That is, although an entire data object is in storage, the system
is able to retrieve a portion of the entire data object by
leveraging the processes described herein.
CONCLUSION
[0067] From the foregoing, it will be appreciated that specific
examples of the data recovery system have been described herein for
purposes of illustration, but that various modifications may be
made without deviating from the spirit and scope of the system. For
example, although files have been described, other types of content
such as user settings, application data, emails, and other data
objects can be imaged by snapshots.
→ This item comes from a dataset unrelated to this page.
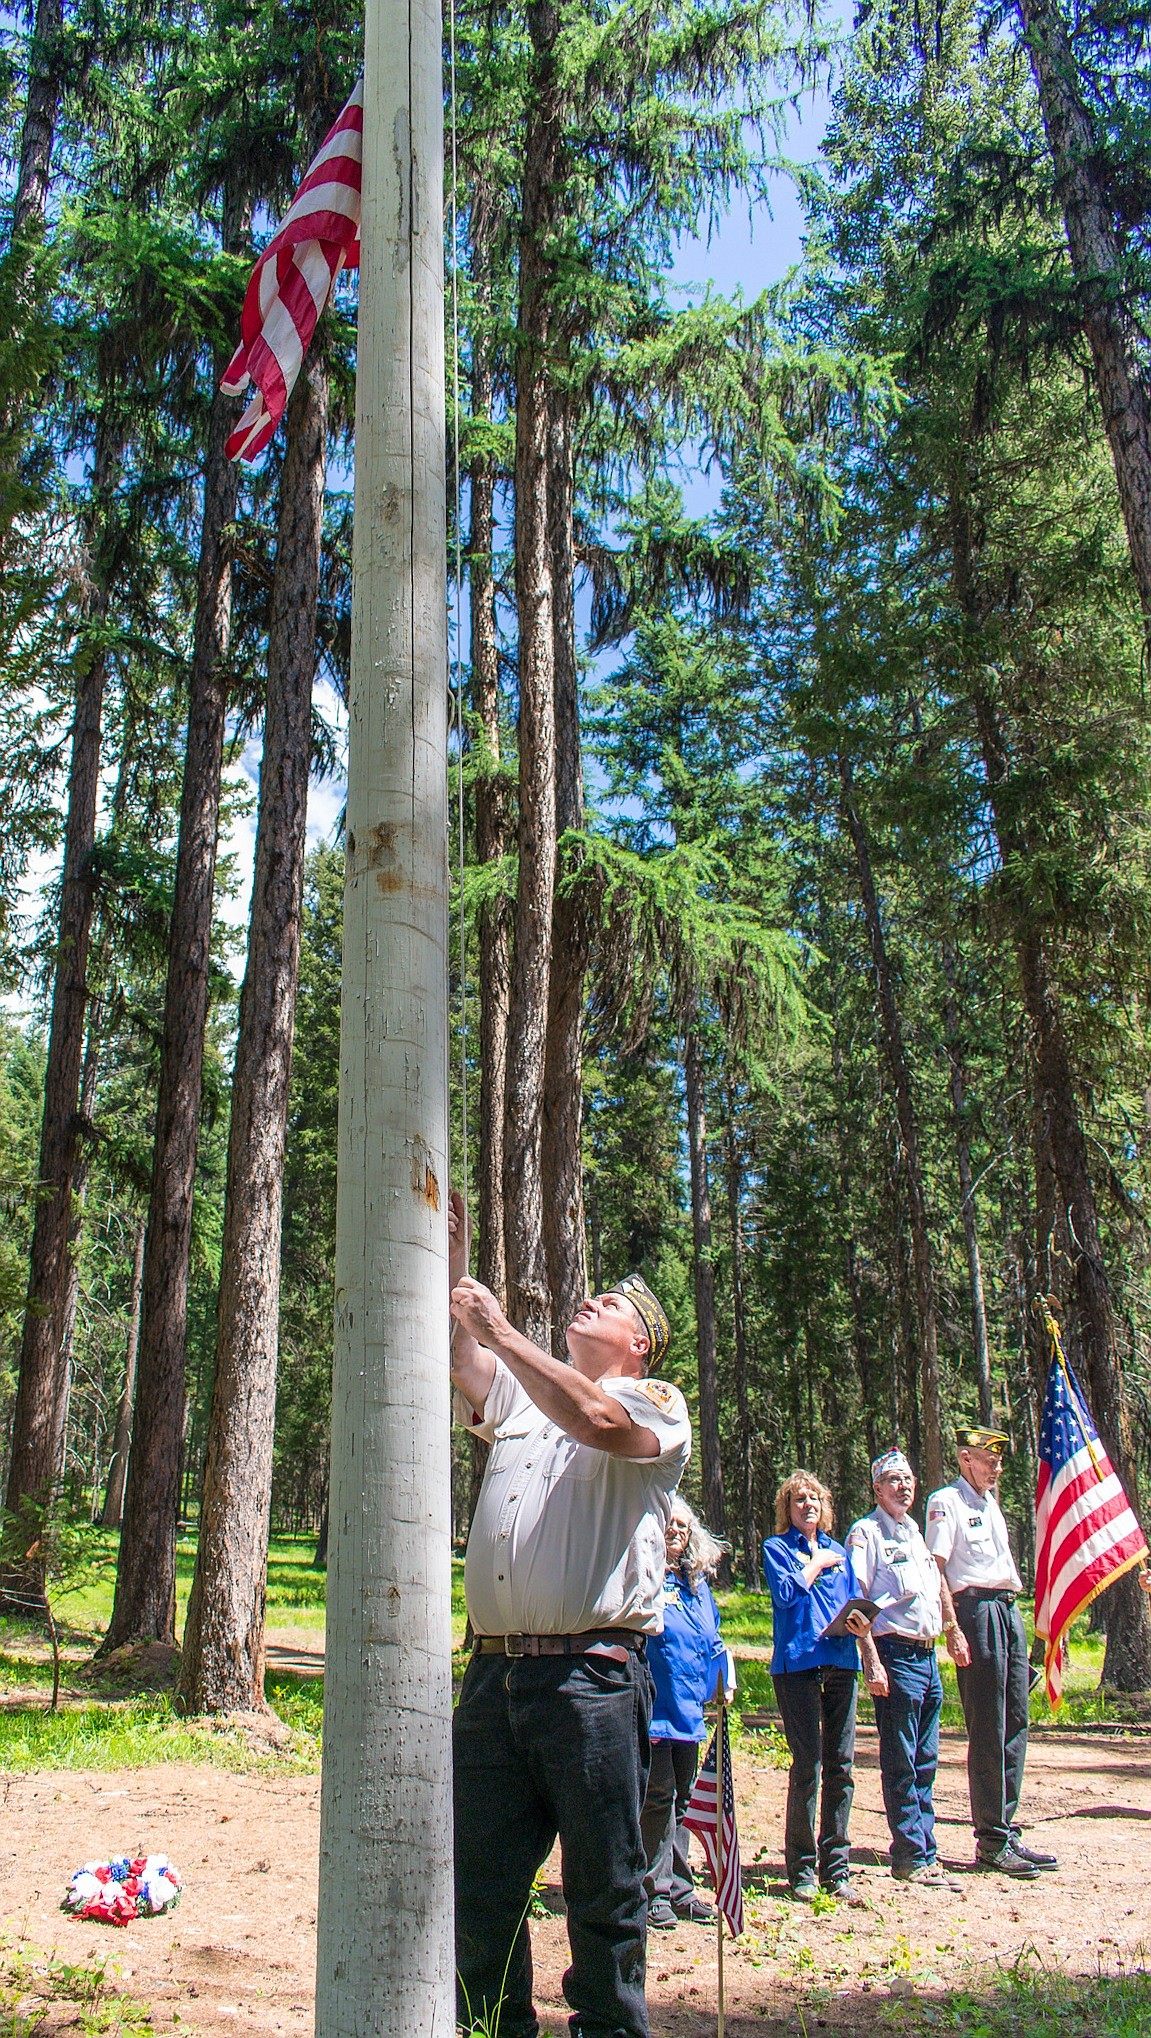 In a Memorial Day ceremony that predates the establishment of Veterans Day, VFW John E. Freeman Post 5514 member Wade Kidder lowers and raises the flag at Boyd Cemetery in the Yaak to honor both deceased and living veterans. (Ben Kibbey/The Western News)

Accordingly, the system is not
limited except as by the appended claims.
[0068] Unless the context clearly requires otherwise, throughout
the description and the claims, the words "comprise," "comprising,"
and the like are to be construed in an inclusive sense, as opposed
to an exclusive or exhaustive sense; that is to say, in the sense
of "including, but not limited to." The word "coupled", as
generally used herein, refers to two or more elements that may be
either directly connected, or connected by way of one or more
intermediate elements. Additionally, the words "herein," "above,"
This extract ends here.